CTEC: a cross-tabulation ensemble clustering approach for single-cell RNA sequencing data analysis.

机构信息

AI Lab, Shenzhen 518054, China.

Department of Computer Science and Engineering, The Chinese University of Hong Kong, Hong Kong, 999077, China.

出版信息

Bioinformatics. 2024 Mar 29;40(4). doi: 10.1093/bioinformatics/btae130.

DOI:10.1093/bioinformatics/btae130

PMID:38552307

原文链接:https://pmc.ncbi.nlm.nih.gov/articles/PMC10985676/

Abstract

MOTIVATION

Cell-type clustering is a crucial first step for single-cell RNA-seq data analysis. However, existing clustering methods often provide different results on cluster assignments with respect to their own data pre-processing, choice of distance metrics, and strategies of feature extraction, thereby limiting their practical applications.

RESULTS

We propose Cross-Tabulation Ensemble Clustering (CTEC) method that formulates two re-clustering strategies (distribution- and outlier-based) via cross-tabulation.
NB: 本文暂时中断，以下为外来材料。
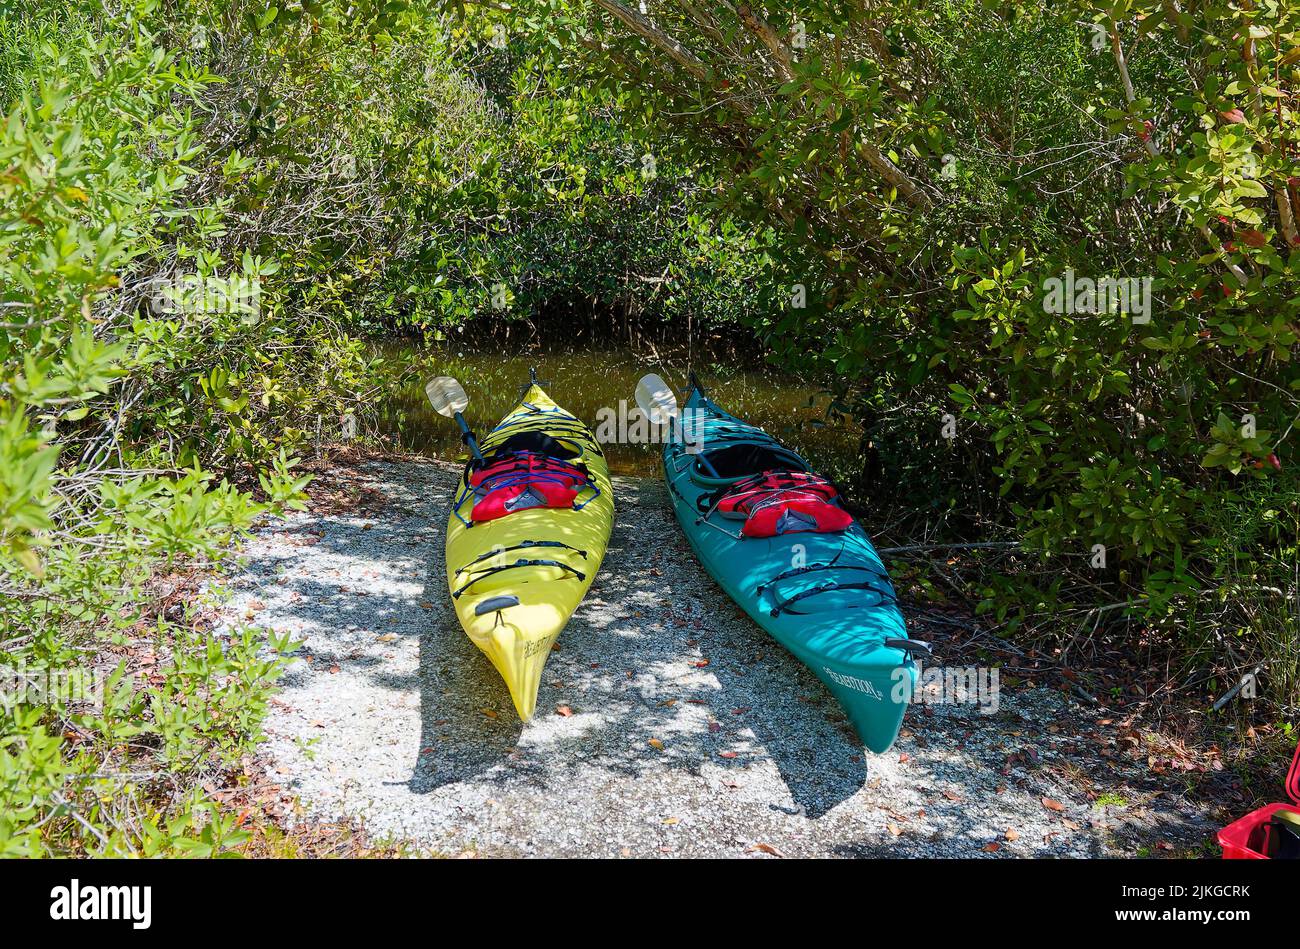 2 kayaks ready to be launched, very small creek, heavy vegetation, yellow, aqua, paddles, PFDs, recreation, fun, sport exercise, Florida, Venice, FL, Stock Photo

Benchmarking experiments on five scRNA-Seq datasets illustrate that the proposed CTEC method offers significant improvements over the individual clustering methods. Moreover, CTEC-DB outperforms the state-of-the-art ensemble methods for single-cell data clustering, with 45.4% and 17.1% improvement over the single-cell aggregated from ensemble clustering method (SAFE) and the single-cell aggregated clustering via Mixture model ensemble method (SAME), respectively, on the two-method ensemble test.

AVAILABILITY AND IMPLEMENTATION

The source code of the benchmark in this work is available at the GitHub repository https://github.com/LWCHN/CTEC.git.

摘要

动机

细胞类型聚类是单细胞 RNA-seq 数据分析的关键第一步。然而，现有的聚类方法在其数据预处理、距离度量选择和特征提取策略方面往往会提供不同的聚类结果，从而限制了它们的实际应用。

结果

我们提出了 Cross-Tabulation Ensemble Clustering（CTEC）方法，通过交叉制表形成了两种重新聚类策略（基于分布和基于离群值的策略）。在五个 scRNA-Seq 数据集上的基准实验表明，所提出的 CTEC 方法在单个聚类方法上有显著的改进。此外，CTEC-DB 在单细胞数据聚类方面优于最先进的集成方法，在两种方法的集成测试中，与基于集成聚类的单细胞聚合方法（SAFE）相比，分别提高了 45.4%和 17.1%，与基于混合模型集成方法的单细胞聚合聚类（SAME）相比，分别提高了 45.4%和 17.1%。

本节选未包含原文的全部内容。